Suzie Q’s mother ran a hand laundry and her family lived in the back of the store. They were among the last people I knew to have a party line. For you young’uns, that’s when several households shared one phone line. If you picked up the phone, someone else might already be using that line and you could hear the conversation. Likewise, they could hear yours. One of the people who shared a line with them was an older woman, unknown outside of the sporadic contact over the phone. Suzie Q told me not to talk about boys over the phone because that woman listened in and reported everything back to her parents, who kept her on a tight leash. She was usually only allowed out for a specific purpose, like a movie. Lazy Saturday afternoons hanging out on Cherry Bomb’s porch were not on list of approved activities, and it wasn’t long before I got used to Suzie Q’s absence and started developing an independent friendship with the other girls.

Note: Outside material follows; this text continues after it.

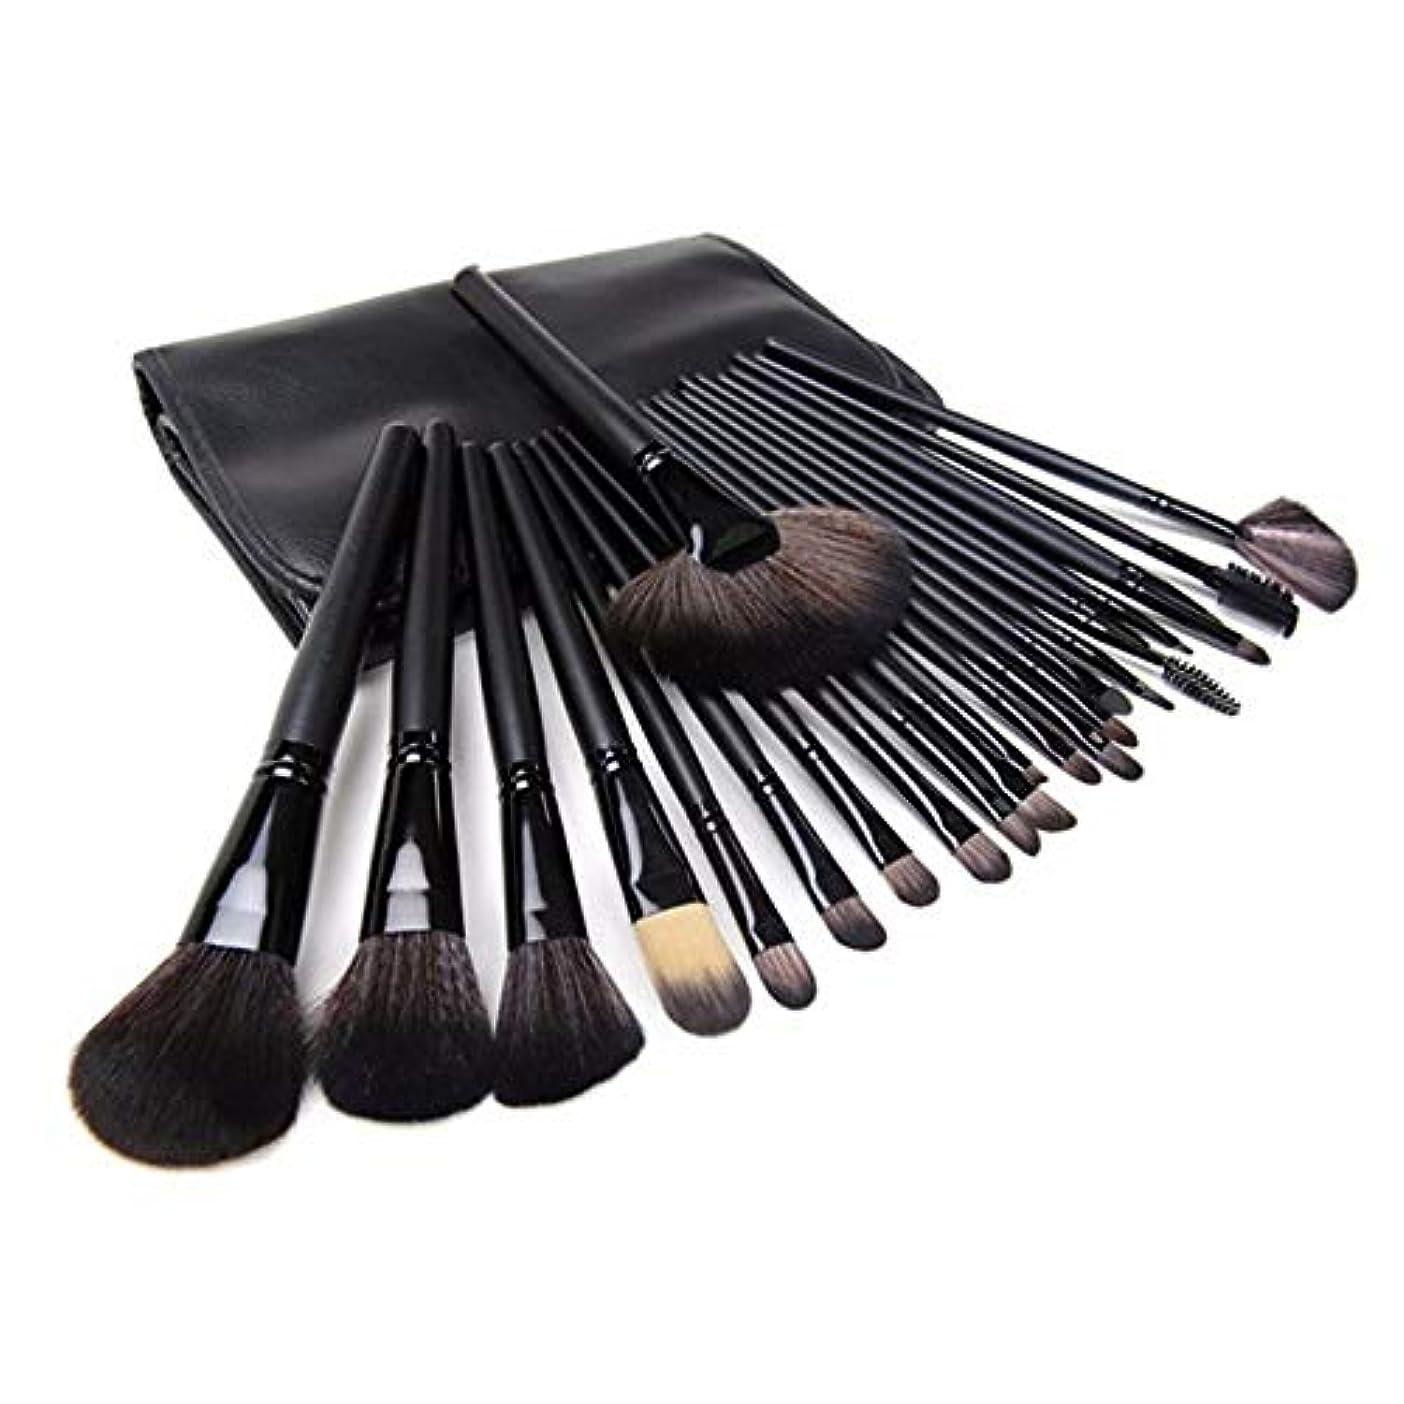 植物学アグネスグレイ比喩Makeup brushes メイクアップバッグ、24ピースメイクアップブラシ完熟セミシンセティックファンデーションブラッシュコンシーラーアイシャドウリップバーム、メイクアップブラシセット suits (Color :...
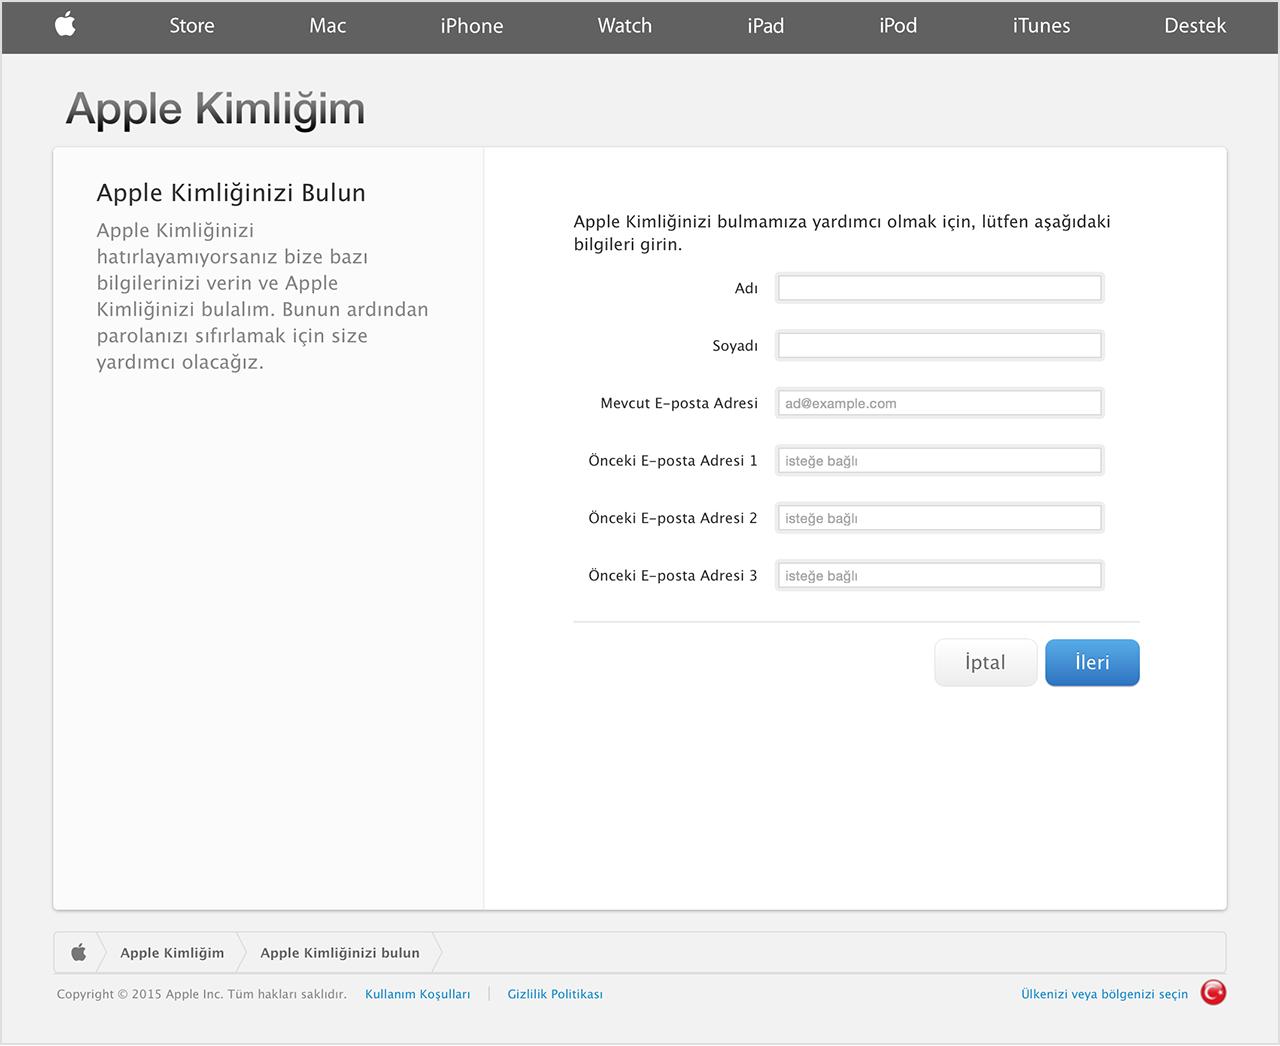 Find My iPhone(iPhone'umu Bul) Nasıl Kullanılır? - iPhone iStanbul Özel Teknik Servis

All human associations build natural hierarchies. I’m not going to hedge that statement by saying “most” or “usually” until I personally come across one group that functions differently. Cherry Bomb was the center of this group. Of Polish descent, she bore a slight resemblance to Debbie Harry, with blond hair, blue eyes and prominent cheekbones. She, Cat Eyes and Sour Puss had been friends since elementary school. Cherry Bomb and Cat Eyes were extremely close, as if they were a binary star in which Cherry Bomb was the primary star. But then there was Sour Puss, and Suzie Q, and eventually I showed up. To extend the astronomical analogy, an n-body problem may result in chaos. In the back of my mind, I was aware of this fact and tried hard not to step on Sour Puss’s toes as I, without intent or forethought, began to replace her in the hierarchy. My closeness to Suzie Q, as opposed to the central star of Cherry Bomb, didn’t help the way I hoped it would. This only made Sour Puss more of an outsider.
If Cherry Bomb was in a close female friendship with Cat Eyes, she was in a romantic relationship with Chuck E. You know the Billy Joel song, “Brenda and Eddie were the popular steadies, and the king and the queen of the prom.” It was junior high school, not high school, so there was no prom, but that sums up the relationship. Conveniently, Chuck E had a best friend, Hazy Davy, with whom Cat Eyes had taken up the summer before I joined the group.
Cherry Bomb lived in a craftsman bungalow and a Saturday routine would soon take shape, in which we’d sit on her porch, Cherry Bomb, Cat Eyes, Sour Puss and I. Suzie Q, who lived very close by, might join us for an hour or two. Eventually, Chuck E and Hazy Davy would show up on their bicycles. Frequently, this was not long before Suzie Q would have to depart. As evening descended, the two couples would start to do things like hold hands and Sour Puss and I would pick up the cue that it was time to leave. As the two single girls being abandoned by the friends with boyfriends, I tried to make some overtures of friendship towards Sour Puss and she responded in a friendly manner. However, one weekend, when Chuck E and Hazy Davy arrived on their Bicycles, there was another with them, let’s call him Sheep Dog. I’m calling him Sheep Dog because he was larger than the others, but in a gentle, loping way. He had blue eyes that were almost always obscured by light brown hair that hung in his face and a modest self-effacing manner. I almost didn’t notice him until he walked up the steps of the porch. He would soon become by first real boyfriend.
Along the southern edge of our town ran a road we called Broadway. If you followed it towards the east, it would take you to New York City. This road separated our town from the one in which the boys lived, all the boys except Sheep Dog. Sheep Dog’s family had moved about forty minutes away by car, in the same state, but another county. Every once in a while, he’d persuade his older brother to drive him back to their old town so he could visit his friends. That’s why I hadn’t met him before. His demeanor was true to his personality. He was a gentle person and a bit shy.